Sounds like you have a full plate...im still getting my head around coral13...plus i dont have the manual...so flicking from screen to screen is a real nightmare! I did think about buying an embroidery machine until i saw the cost!! Those things are pretty hefty on the old pocket...think i might 3rd party it until i have some sucess. So far I have had no sales...so I feel like a Panther that chased the beast and got a huge thorn stuck in her paw. I need to look at my marketing again. I should have know this could not have been easy.

Kind Regards
Sammy


----------



## leisure (Mar 3, 2007)

I have no clue about corel either and thank goodness I had the embroidery long before the plotter came in to play.I let one of my best customers that have campgrounds talk me into the plotter, so I could do there t-shirts also. Never thought it would be so hard to learn a program.The artcut i'm ok with it's the corel that drives me crazy,but I guess that comes with the job.
If theres anything I can help you with I'll be glad to.
Why are you switching back and forth from screens are you using tutorials?
Good luck Brenda


----------



## tashazo (Mar 11, 2007)

Okay so I 'm eagerly awaiting my epson r1800 in the mail. (i ordered a refurb from epson direct, right now it's a preety good deal). My question is, with the included ink (it's Ultrachrome Hi-Gloss pigment ink), what kind of paper do you print it on, and what settings do you use for the heat press (time, temperature, pressure, hot peel, etc)???
I have 2 boxes of transfer paper that came with my press, they were meant to be for a 'soft feel' for plastisol from silkscreening, but do you think they will work for my printer?
Also, how do different inks compare - i.e. bulk systems, magicink, etc...

Thanks!


----------



## GHEENEE1 (Jan 8, 2007)

Hi Leisure, I'm across the bay in St.pete I've got an HP 932c my colors fade after first wash. I'be upgrading to an Epson c88+ . MIKE


----------



## mrgeezteez (May 21, 2007)

i have read that the epson c88 is a decent one...
and the funny thing is my husband uses it at his job for labels!!
and he says it works great!
enjoy 
chrissy


----------



## snarley (Feb 9, 2007)

I would stick to an Epson printer, if you are only going to print on 8.5 X 11 inch transfers the c88 is fine. If you want to print larger transfers a 1280 is good but slow. the 1800 is their latest and a lot of these are being used. 

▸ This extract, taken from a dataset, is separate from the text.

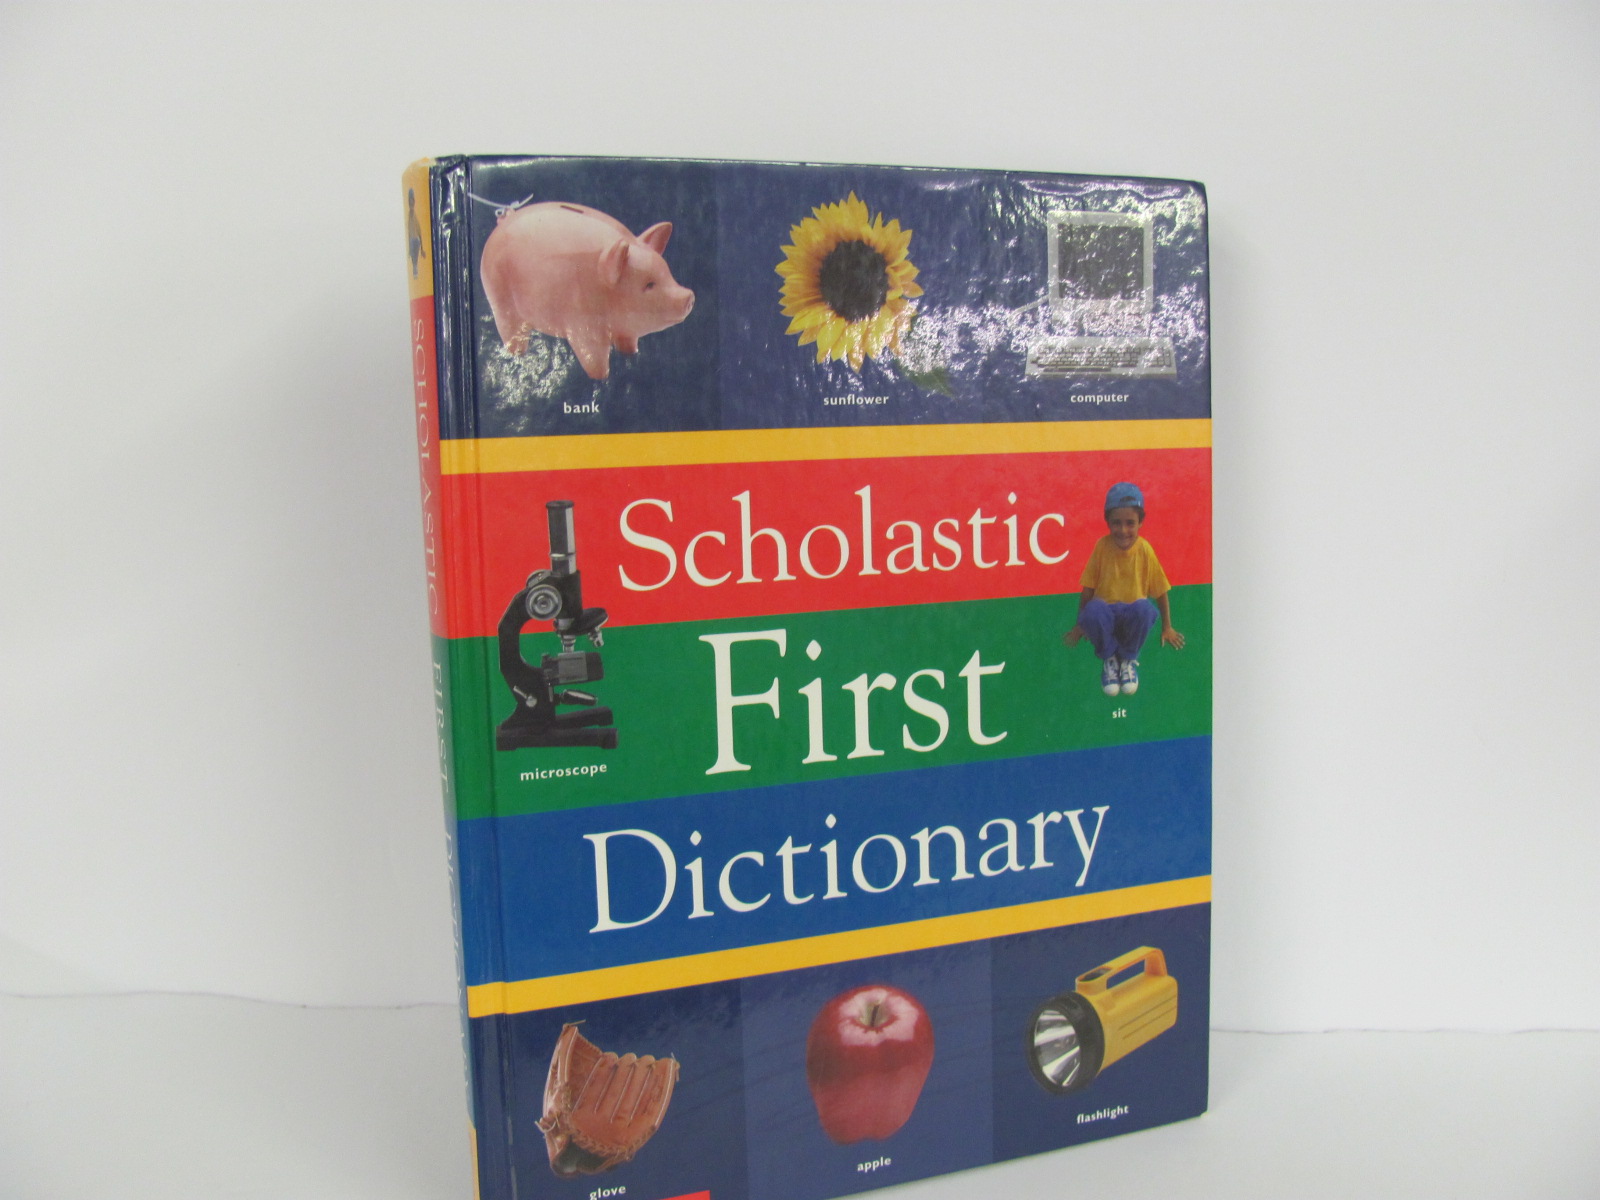 Scholastic-First-Dictionary-Used-Dictionary_316042A.jpg

The advantage of the Epson is that there are a lot of after market ink manufactures out there that make Epson compatible ink and CIS systems. You can google epson ink and find a ton of them.

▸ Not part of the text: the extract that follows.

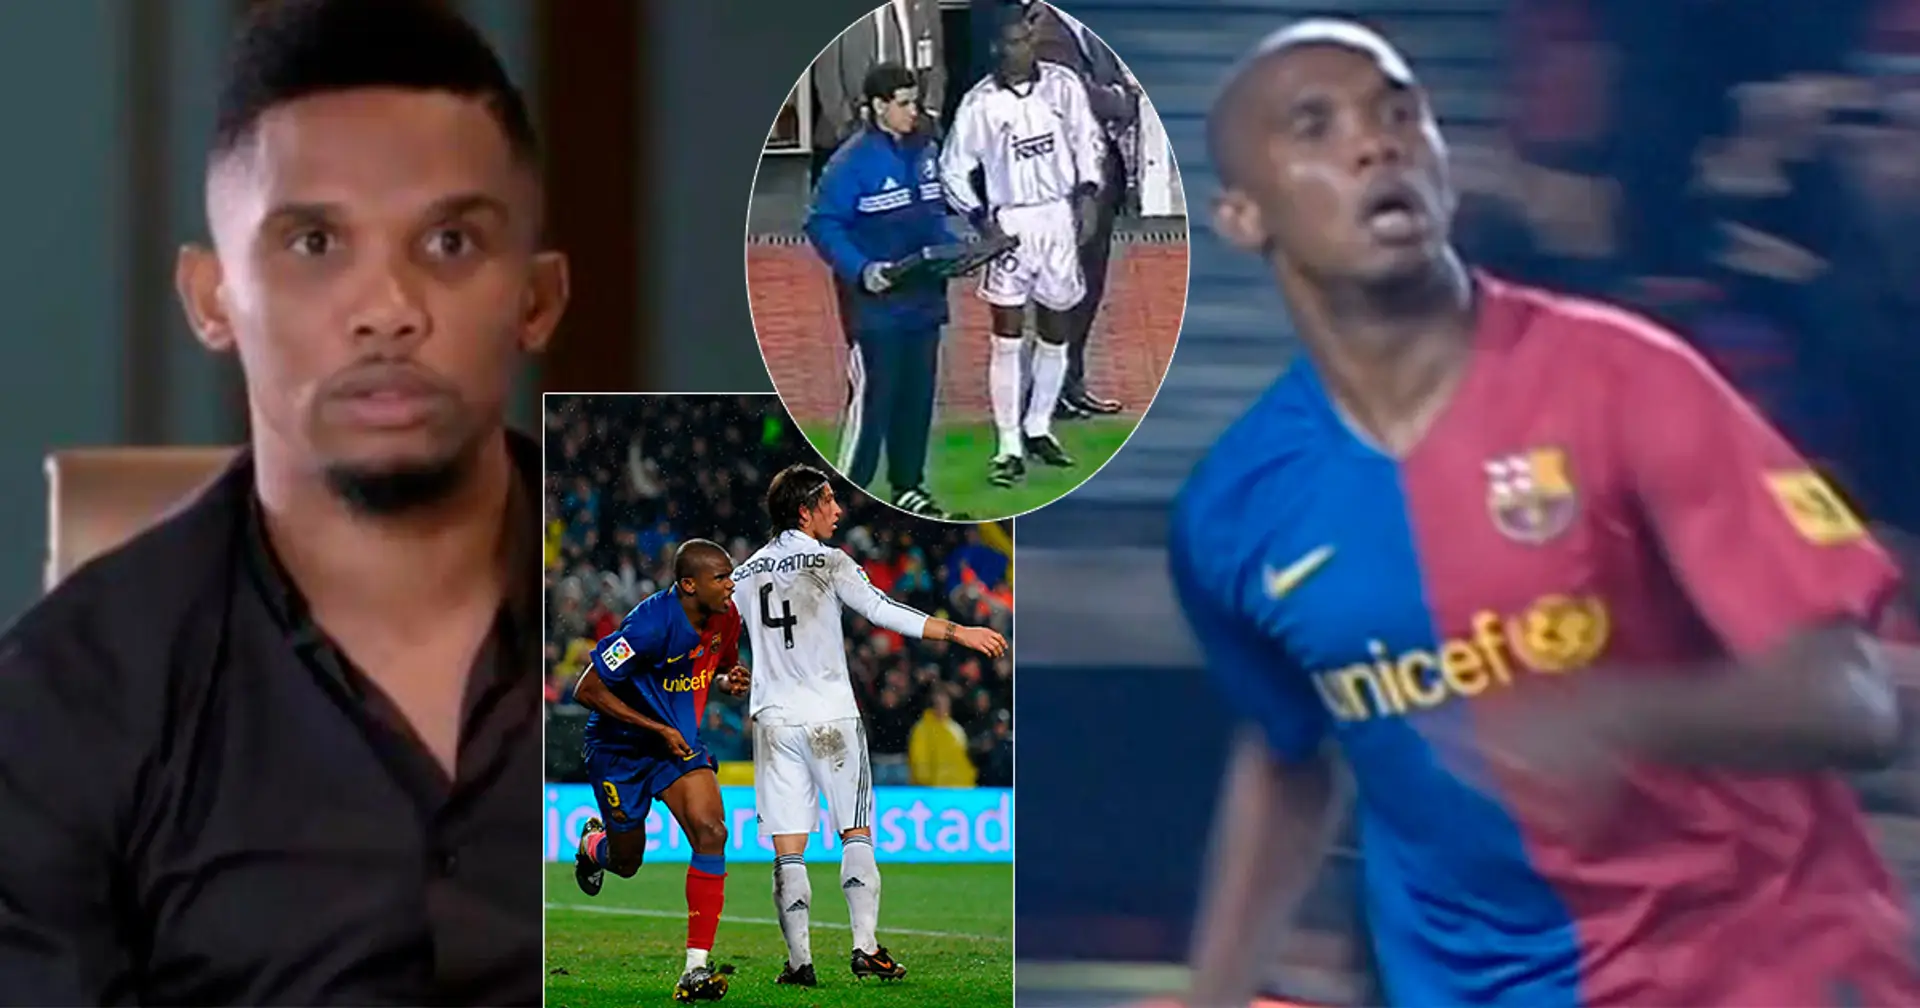 'If it hadn't been for Real Madrid I would never have got this far': How Eto’o was forced to apologize publicly for a chant

I have a 1280, 1520 and a 2200 and I use after-market ink in all of them. I also have an HP LaserJet 4MV that I use for film positives, it's a little overkill but they all have functions I like and use. 

I hope you find what your looking for and Good Luck

Bill M


----------



## leisure (Mar 3, 2007)

Hi neighbor we love St Pete,
I have the all in color Espon cx 5000 and i'm having trouble with the black ink turning a greenish color when heat pressed,I spoke to someone at a print shop and they think I may need to turn back the heat, but the paper says 375-385 for 25-30 sec, the paper is Jetflex from imprintables. I tried adjusting the ink per other forums but it didn't seem to make a difference. I'm wondering if maybe the all in one printers durabrite ink may be different then the c88 .Any suggestions would be great.


----------



## GHEENEE1 (Jan 8, 2007)

Sorry Brenda, have'nt had any ink issues yet, but my expierence is very limited.


----------



## clicksigns (May 15, 2007)

snmindustries said:


> i got my 1280, my dk20s heat press, and a bunch of other things from bestblanks.com.
> 
> the bulk ink from best blanks worked out good at first, but after a month or so of transporting it around the "hoses" that attach to the ink storage began to break off. if you are going to stay in one place the system will work fine. however, i travel to shows and festivals and every weekend i set up at a local biker hang out if im not scheduled somewhere else, so i move my euipment a lot.
> 
> ...


Hi SLimm,

My Geo Knight DK20S is coming next week, any comments about the heat press. Are you happy with the performance of it.

Thanks,
Alex


----------



## dddavis98 (Feb 14, 2008)

Epson is usually great for heat transfers. be advised the longer the heat is applied the dimmer your project


----------